The listing below should be printed exactly, every line of it. Skip the pictures.
*** Opening of Provided material ***
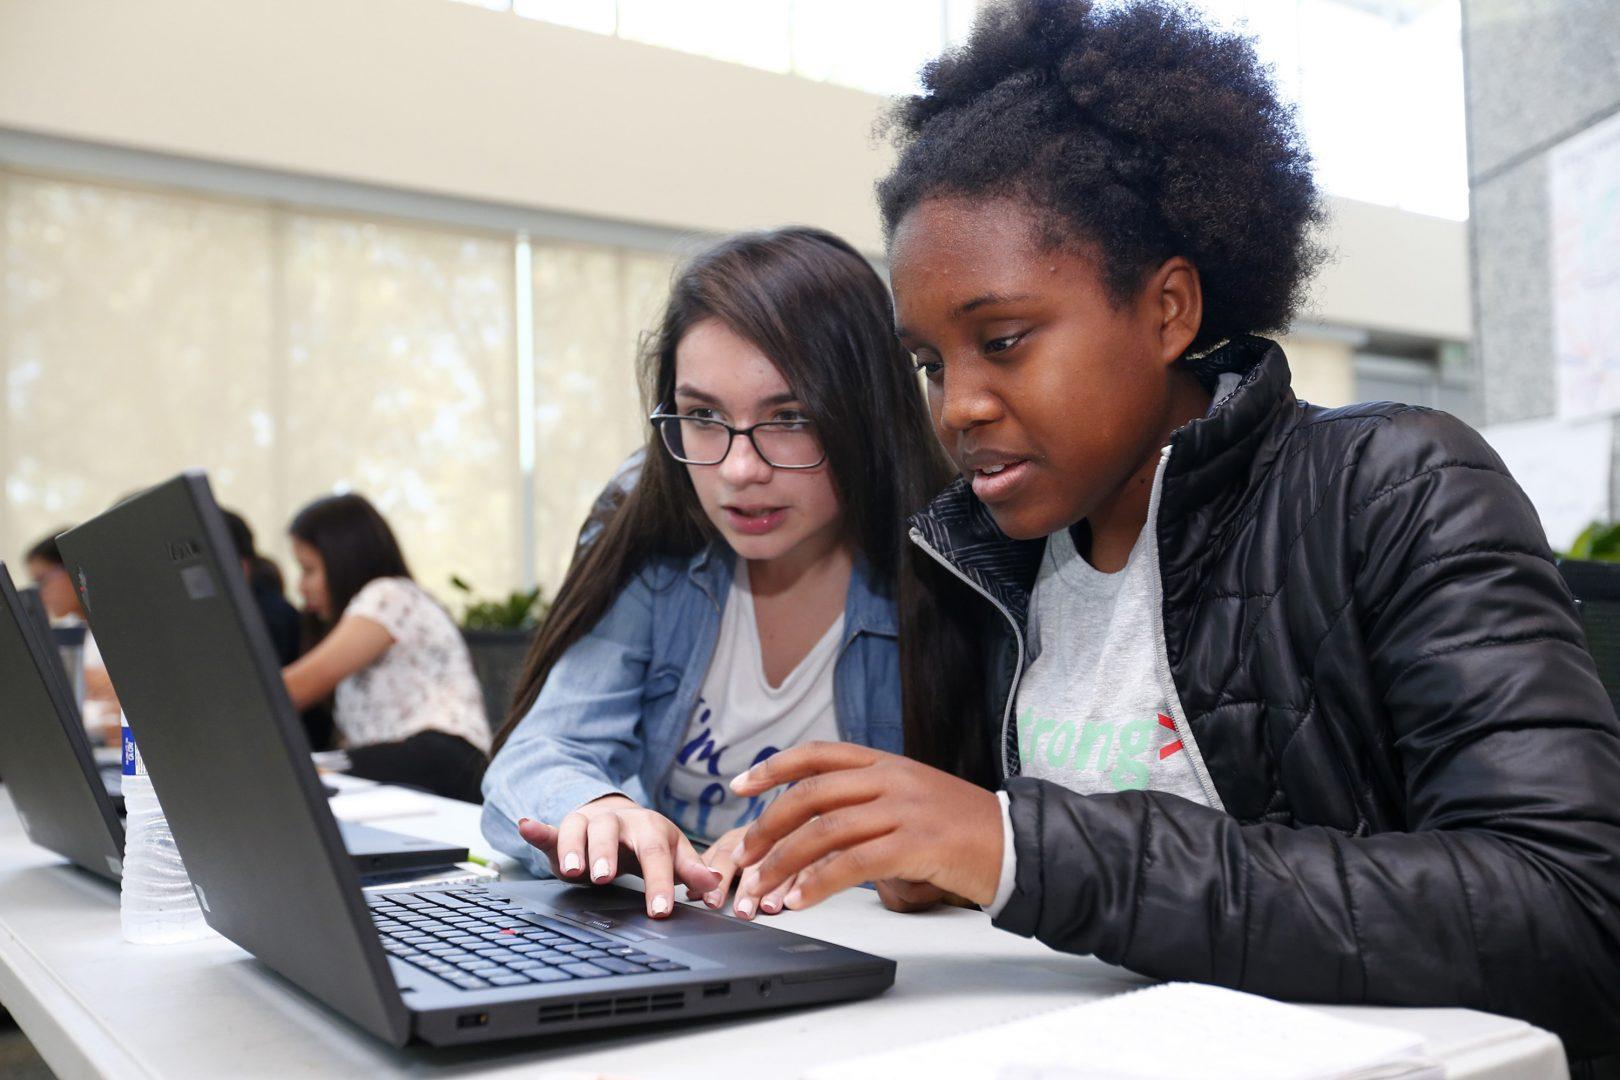 Edith Gonzalez, 16, left, and Hannah Leonard, 16, right, work together on a coding project during a summer program at Adobe Systems in San Jose, Calif., on June 28, 2016. There has been a growth in coding camps to get girls interested in learning to write code. (TNS)
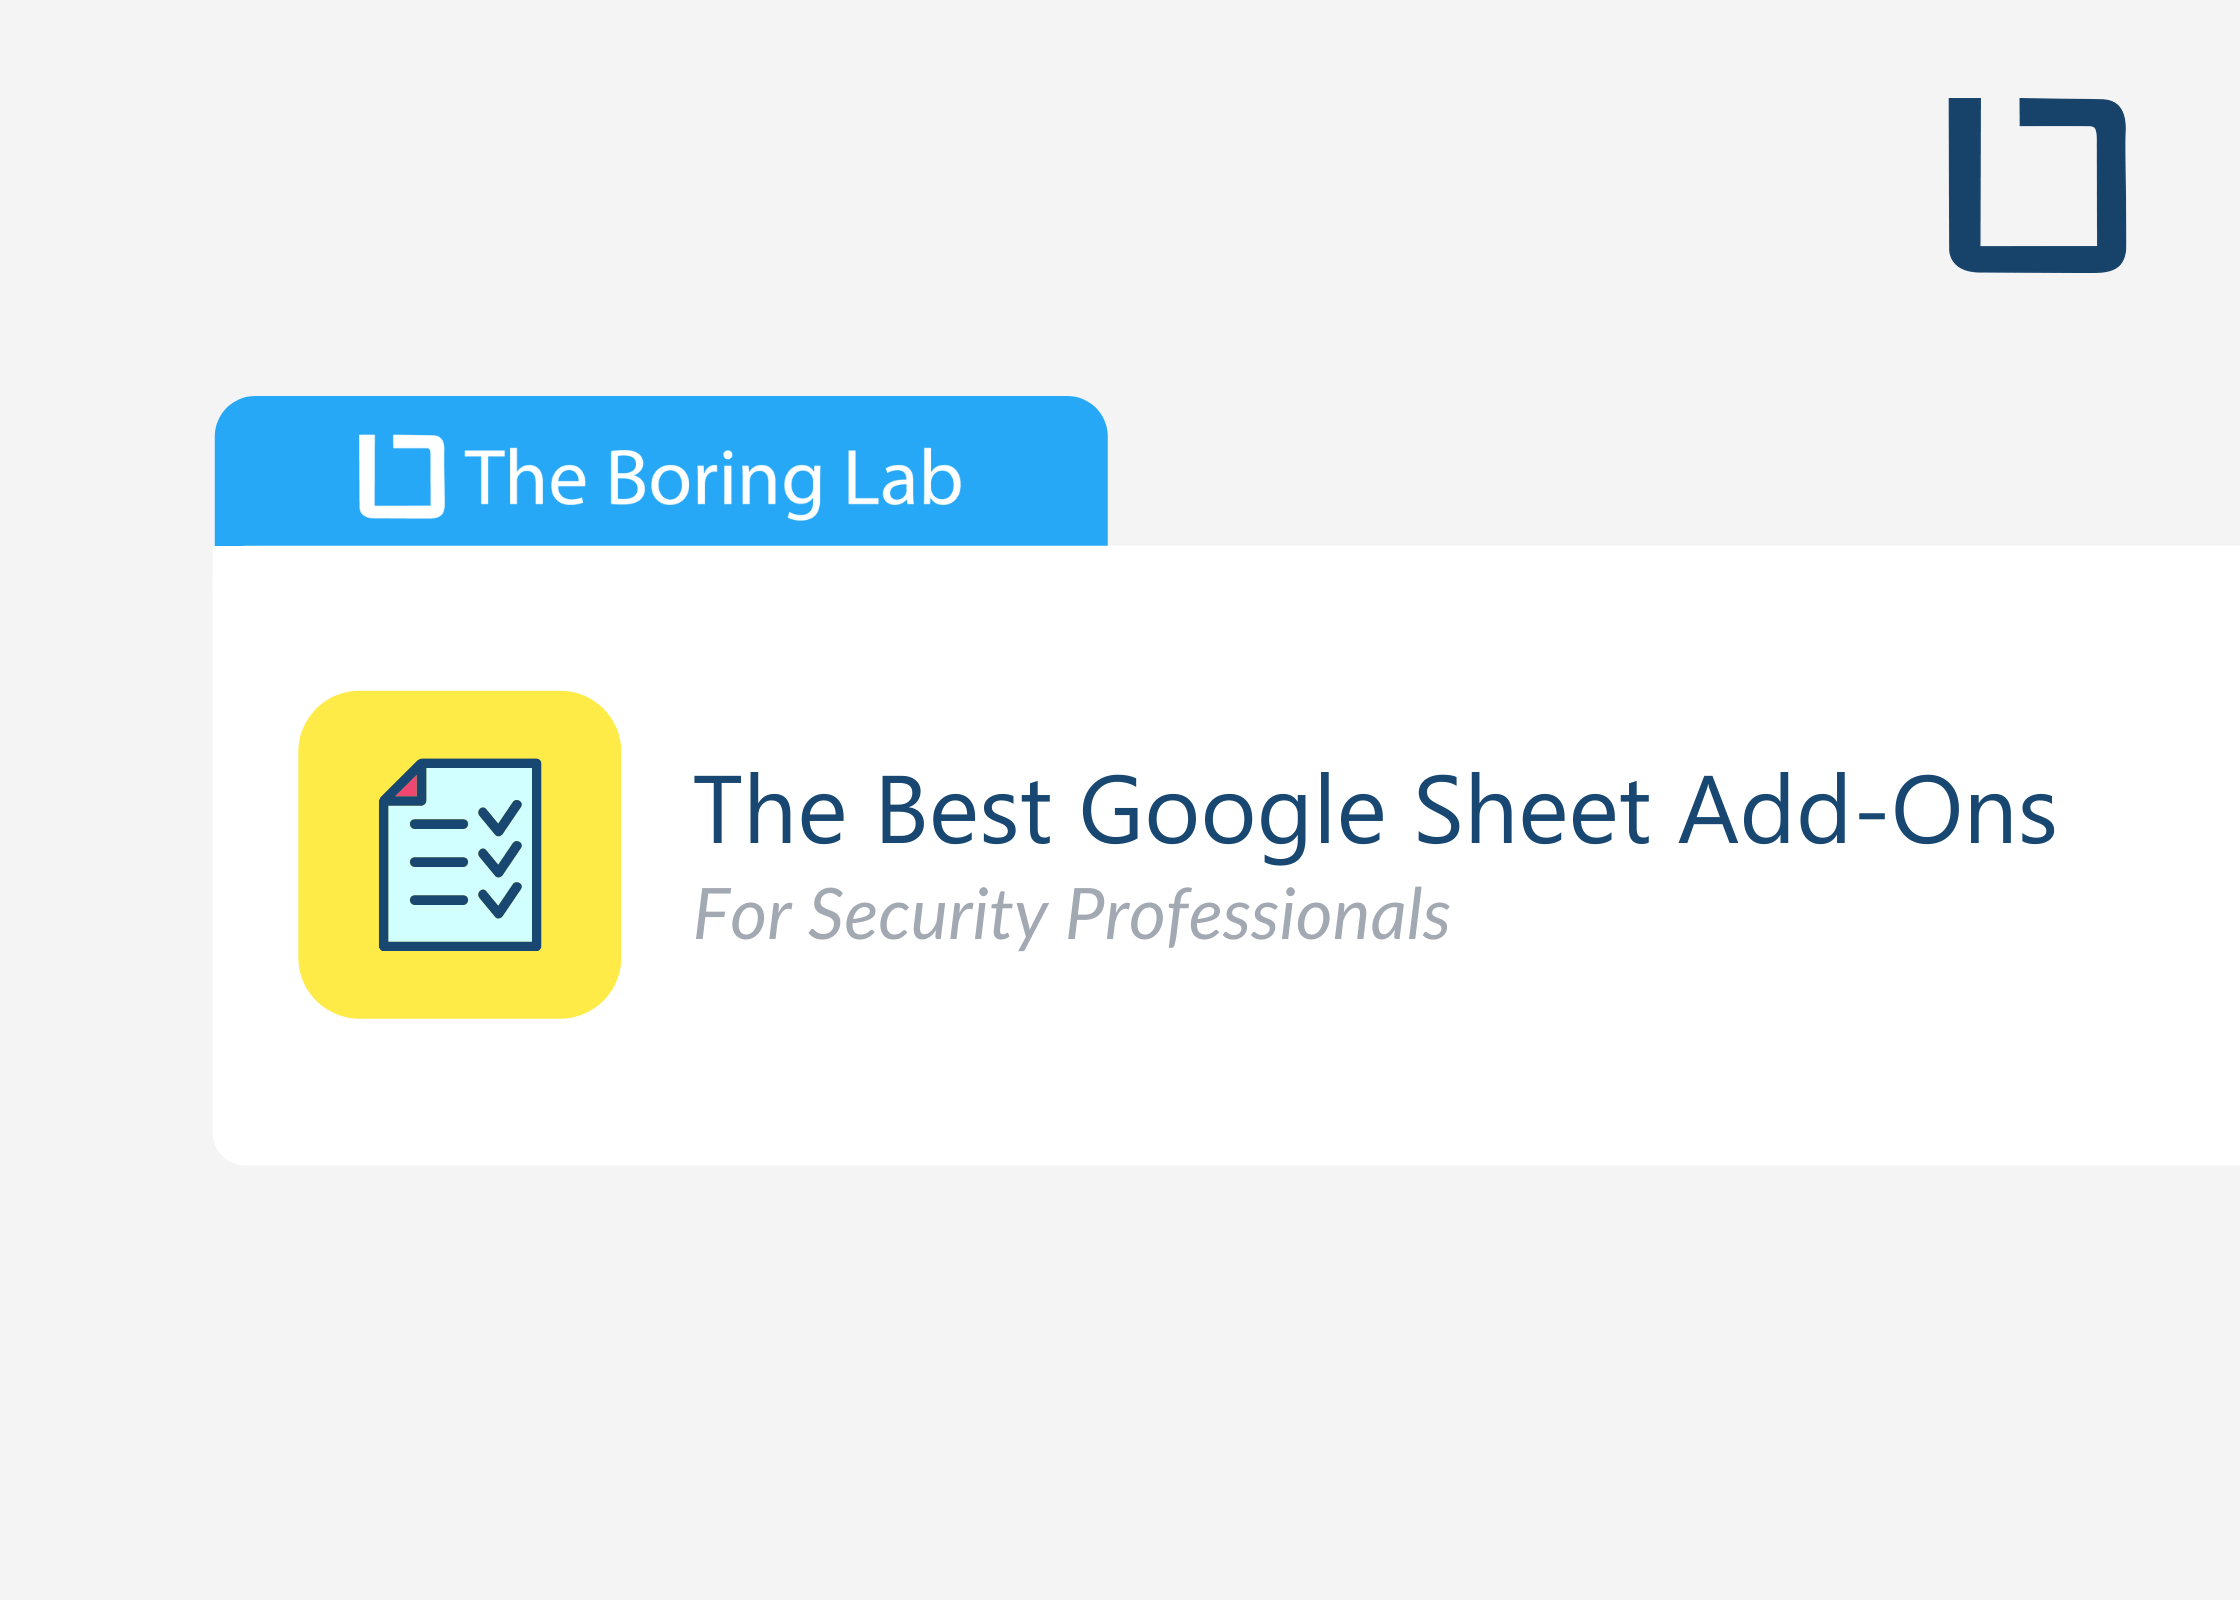 The 7 Best Google Sheet Add-Ons for Security Professionals
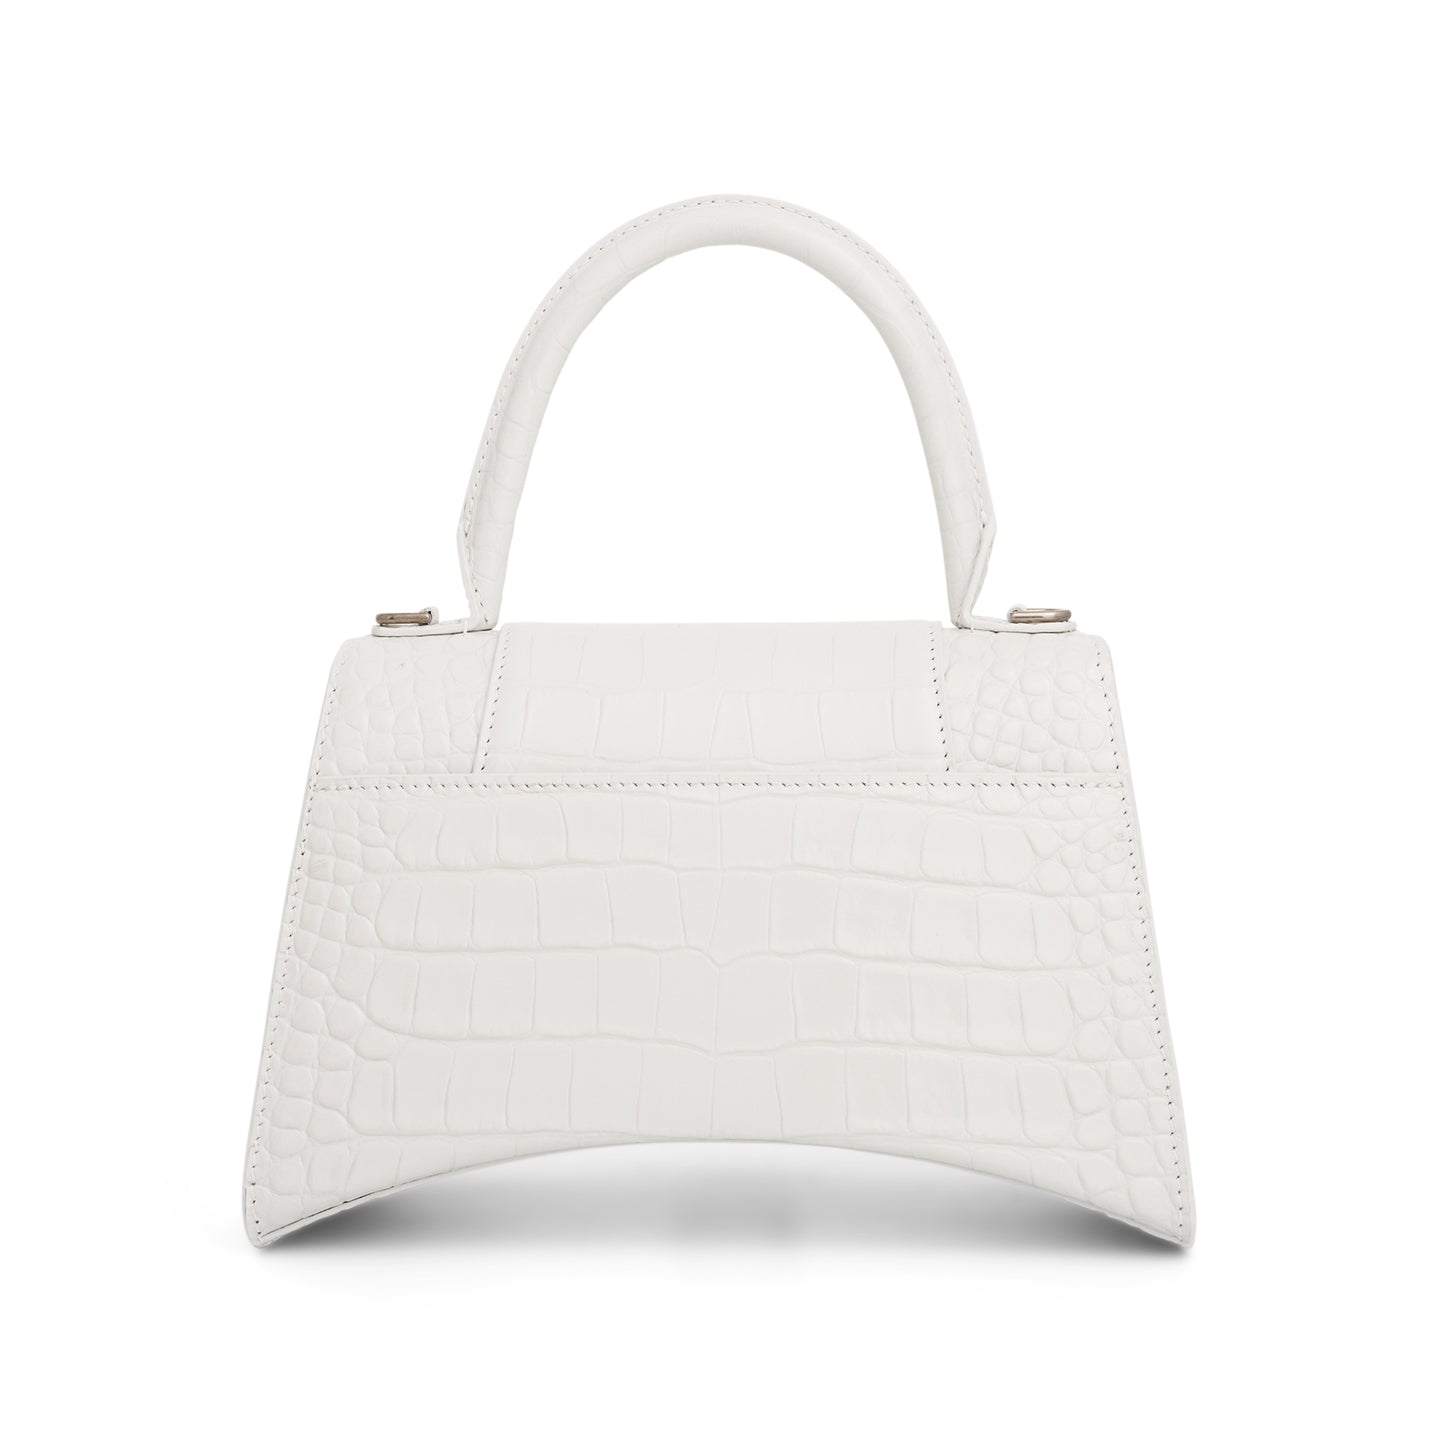 Hourglass Small Croco Embossed Bag in White
*** Close of Provided material ***
* Answer to this problem
 Edith Gonzalez, 16, left, and Hannah Leonard, 16, right, work together on a coding project during a summer program at Adobe Systems in San Jose, Calif., on June 28, 2016. There has been a growth in coding camps to get girls interested in learning to write code. (TNS)
 The 7 Best Google Sheet Add-Ons for Security Professionals
 Hourglass Small Croco Embossed Bag in White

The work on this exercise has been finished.